Чего только он, подлец, не вытворял, чтобы выудить денежки у добрых людей! За одно это его надо было бы на каторгу. Только со мной у него ничего не вышло. Я его знаю. Меня не проведешь!
Симон раскрыл свой огромный рот и гаркнул:
– Нет, тебя провели!.. Старый рогоносец!..

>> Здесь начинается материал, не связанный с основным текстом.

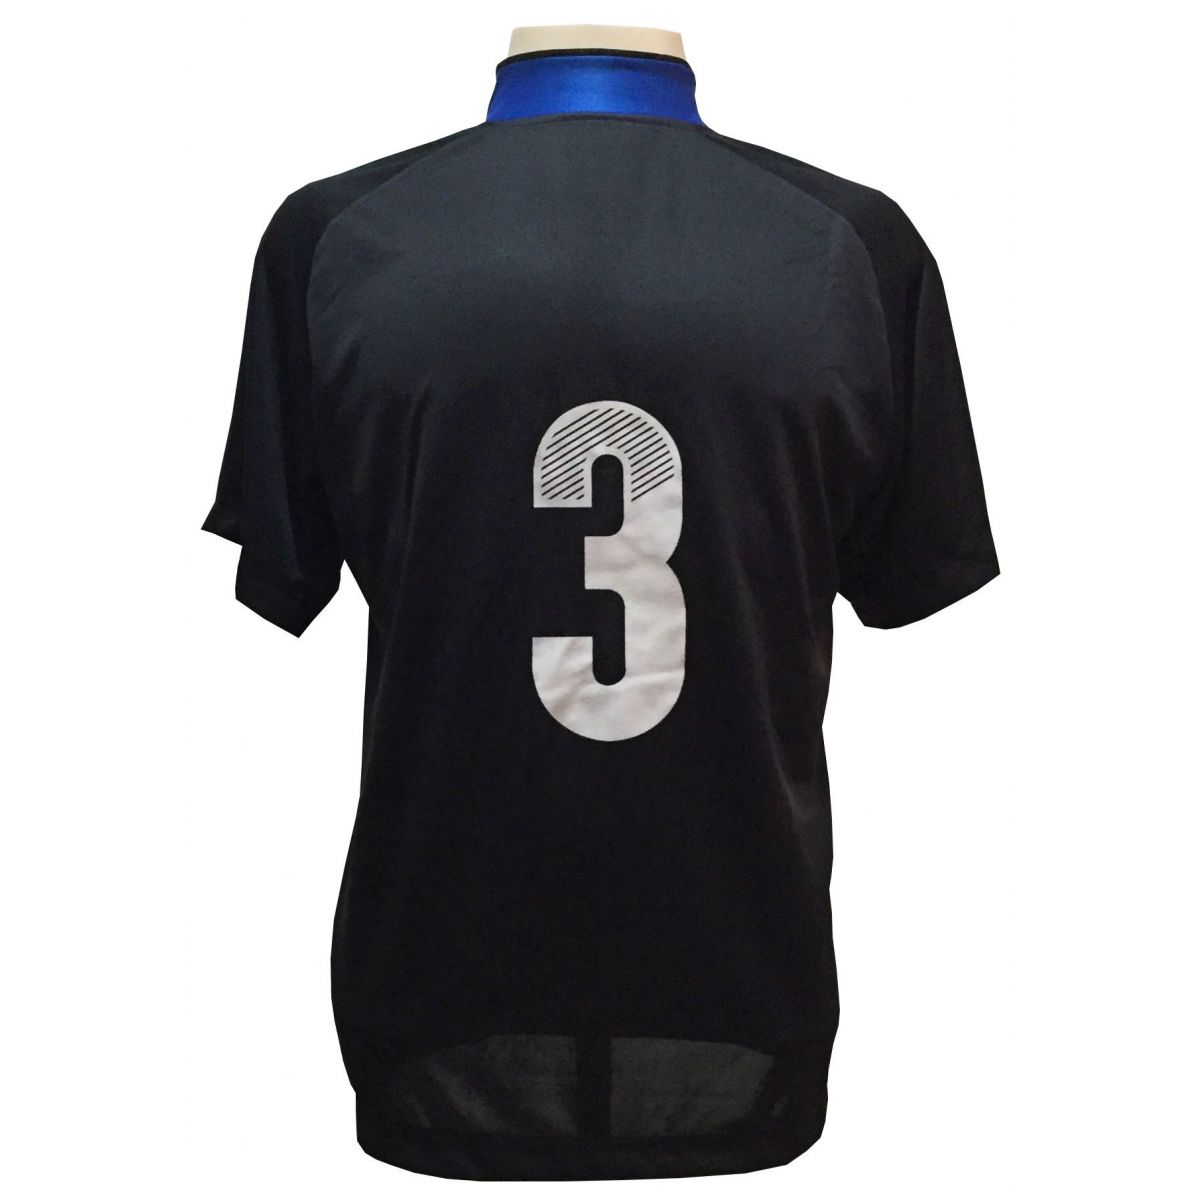 Uniforme Esportivo com 20 camisas modelo Milan Preto/Royal + 20 calções modelo Madrid Preto + Brindes
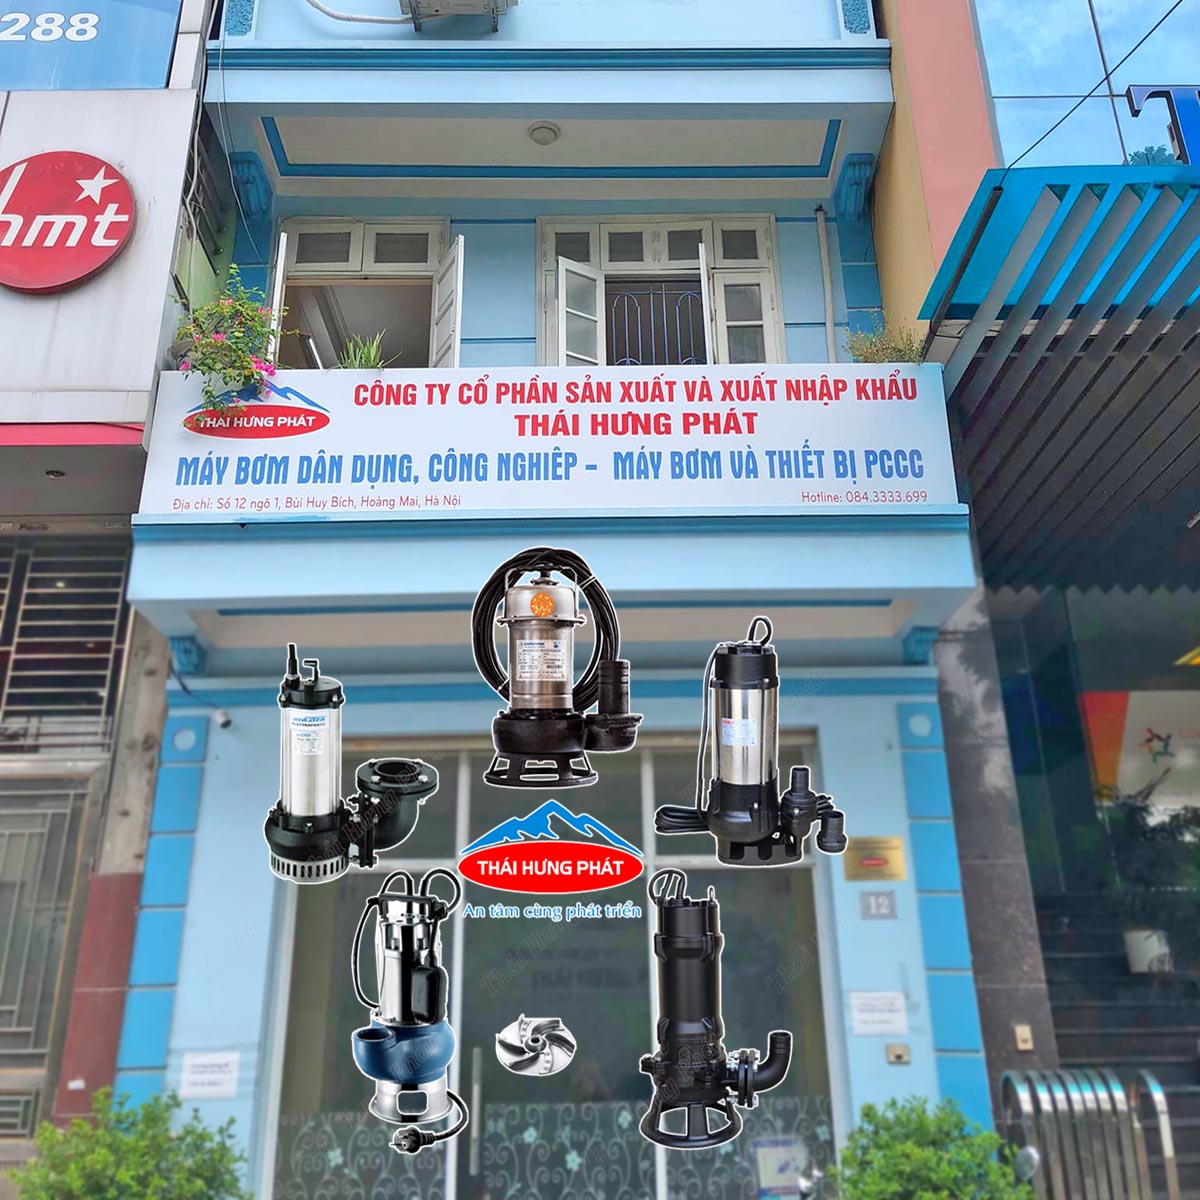 Giới thiệu về Nhà phân phối máy bơm nước thải Thái Hưng Phát

Зал затрясся от взрыва нервного смеха. Смех разрядил напряжение. Мишенью был старик. Мишень отметила «попадание». Напрасно старик вопил и выходил из себя. Этим он только подтверждал, что удар был меткий. Началась перебранка, и прежде чем председателю удалось водворить тишину, приоткрылась деревенская трагикомедия – яростное столкновение вторично женившегося старого Тезея с Ипполитом. Плут испачкал его гнездо, и – что еще хуже – Федра, видимо, пустила его не только в отцовскую постель, но и в отцовский кошелек. Старик ни за что не хотел это признать. Мысль, что его обворовывали, приводила его в еще большее бешенство, чем измена жены. Но он неуклюже пытался все отрицать. А вор стоял на своем.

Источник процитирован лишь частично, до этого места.